Čapek, Karel

Čapek, Karel chäˈpĕk [key] 1890–1938, Czech playwright, novelist, and essayist. He is best known as the author of two brilliant satirical plays—R. U. R. (Rossum's Universal Robots, 1921, tr. 1923), which introduced the word robot into the English language, and The Insect Play, written with his brother JosefJosef (1921, tr., 1923). These plays embody Čapek's criticism of technological and materialistic excesses. Of his other plays The Makropoulos Secret (1923, tr. 1925) satirizes the human search for immortality and yearning for titanistic greatness.
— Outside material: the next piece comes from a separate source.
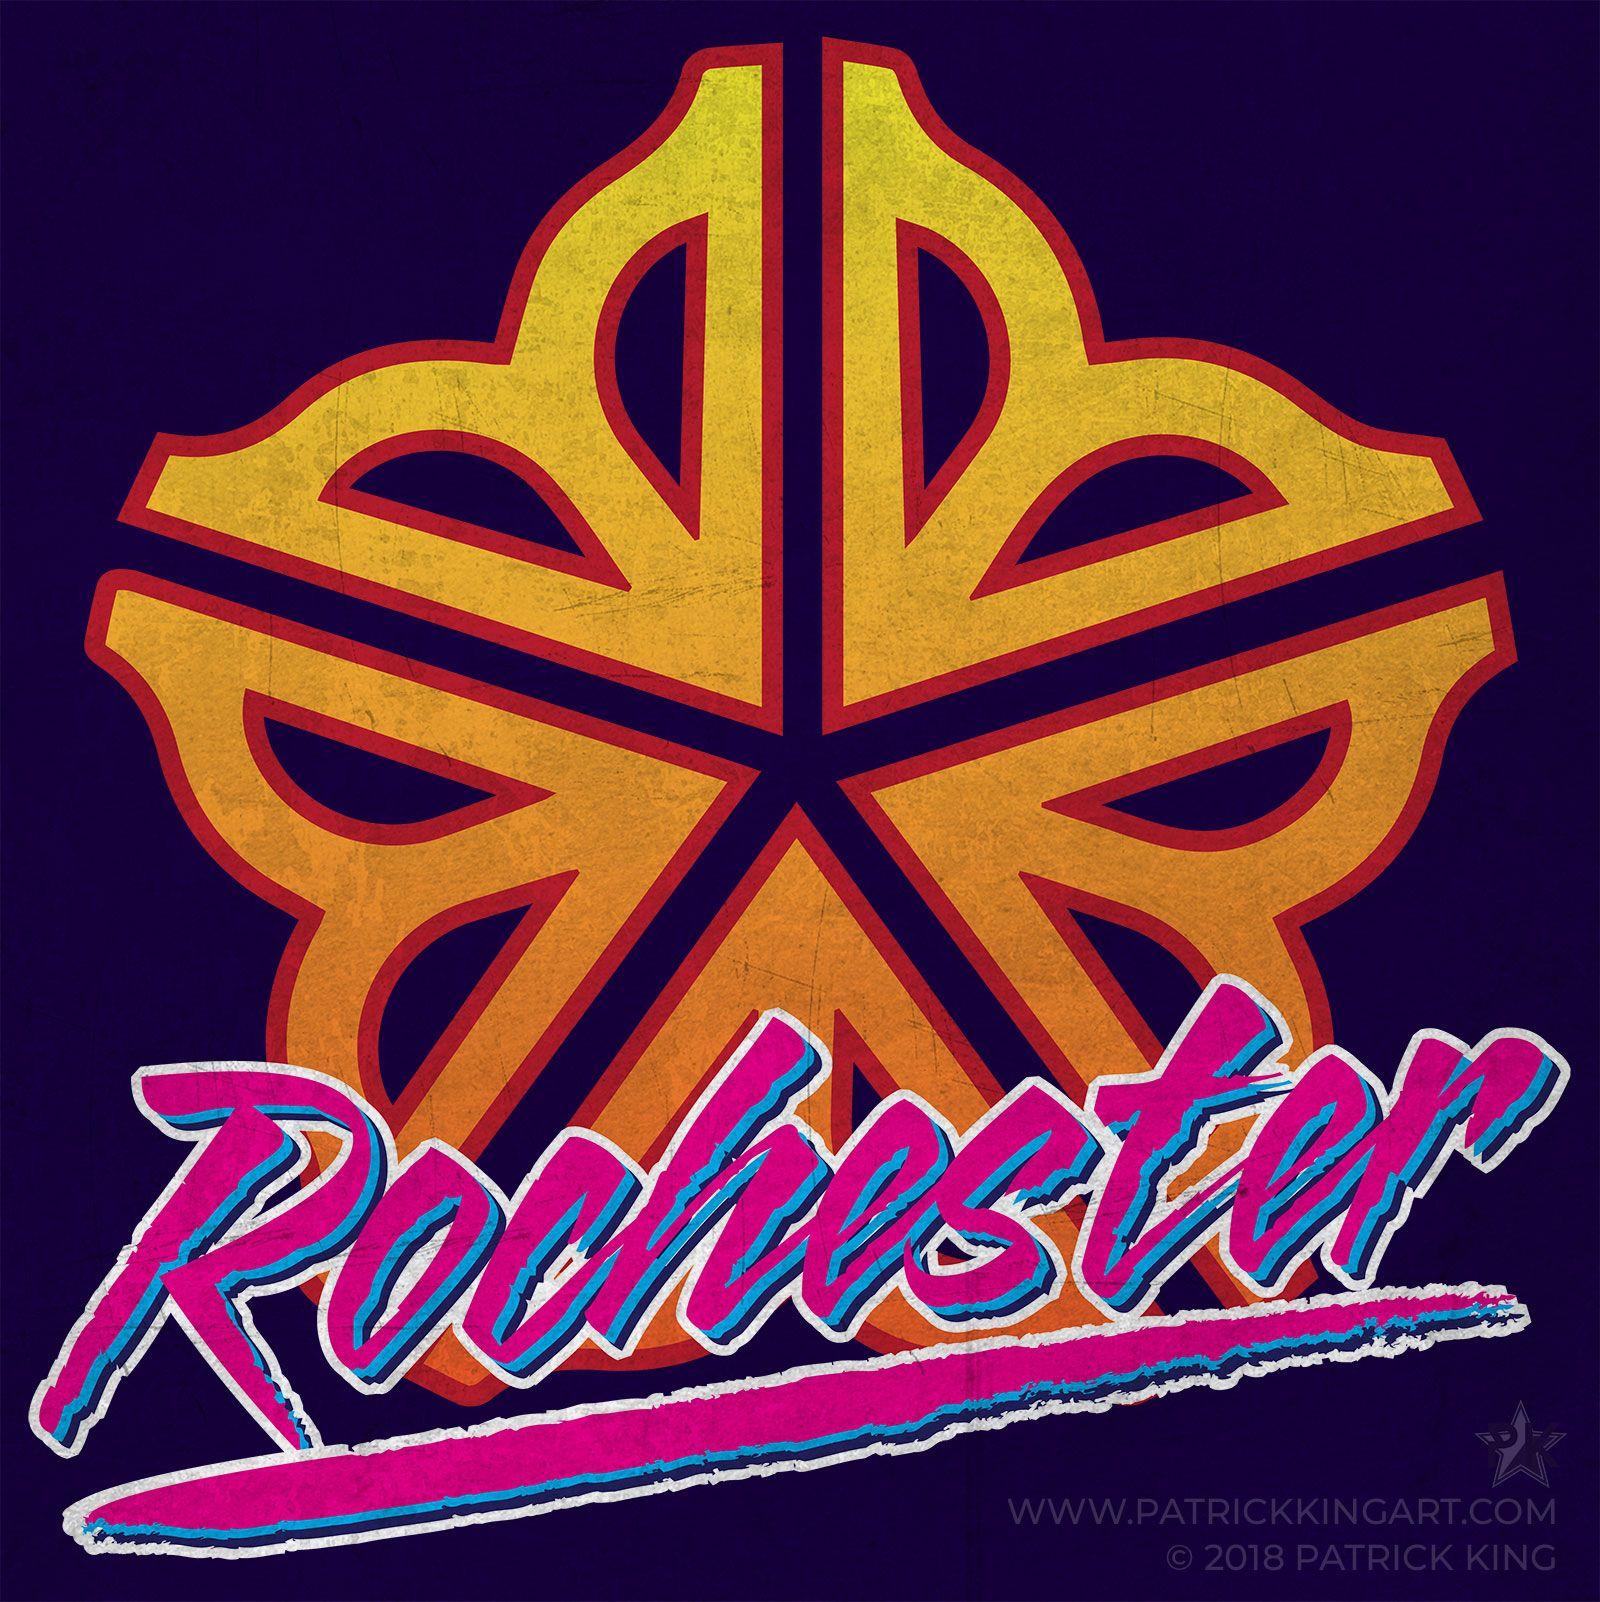 Rochester Logo - Retro Rochester Logo [x-post r/outrun] : Rochester
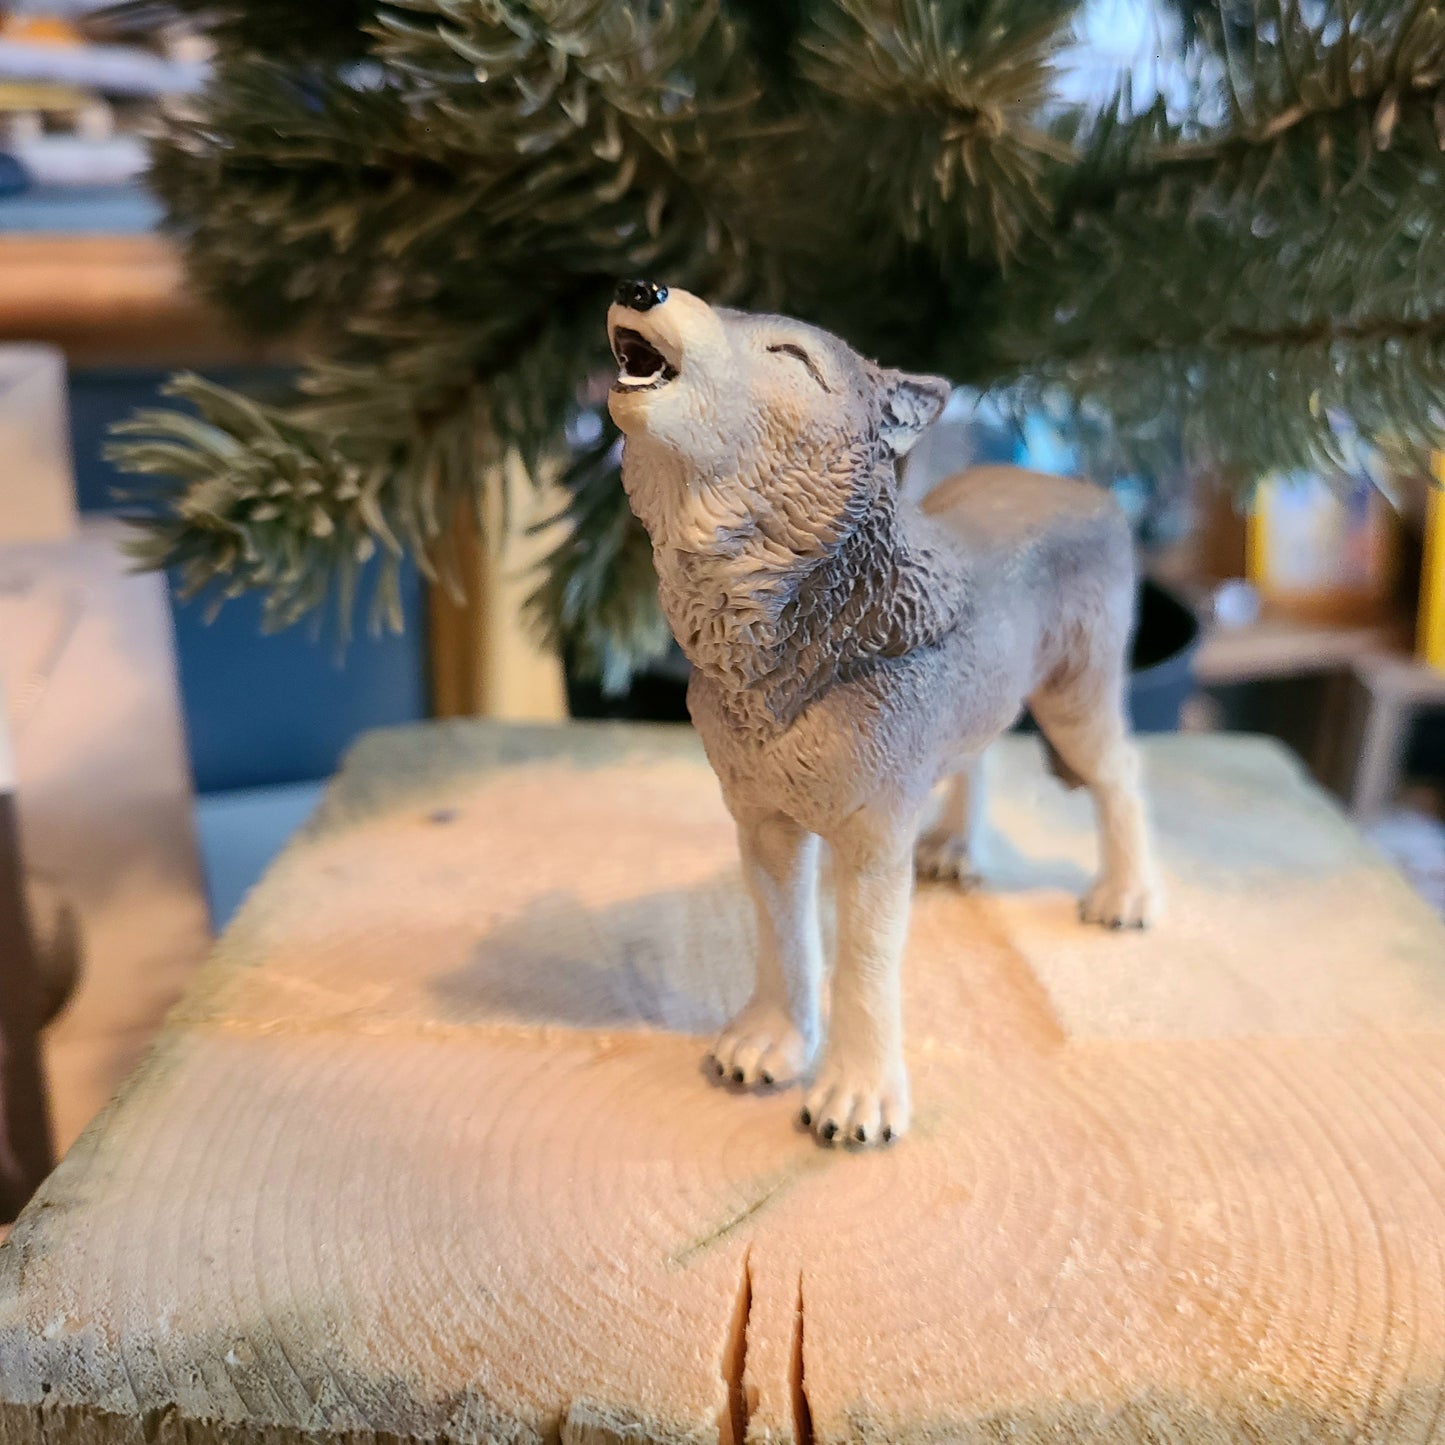 Wolf-Spielzeug/Figur – Grauer Welpe

Janáček used it as the basis for his opera The Makropoulos Affair (1925). Čapek's Power and Glory (1937, tr. 1938), condemns totalitarianism and war. He also wrote travel sketches, romances (e.g., Krakatit, 1924, tr. 1925), essays, and short stories. His three volumes of conversations with Thomas G. Masaryk (1928–35, tr. 1934, 1938) form a political biography. Čapek's three philosophical novels, Hordubal (1934, tr. 1934), Meteor (1934, tr. 1935), and An Ordinary Life (1935, tr. 1936) are profound and even mystical in tone. Distinct from his other works, they constitute Čapek's masterpiece.

See biography by I. Klima (2002); studies by W. E. Harkins (1962) and B. R. Bradbrook (1998).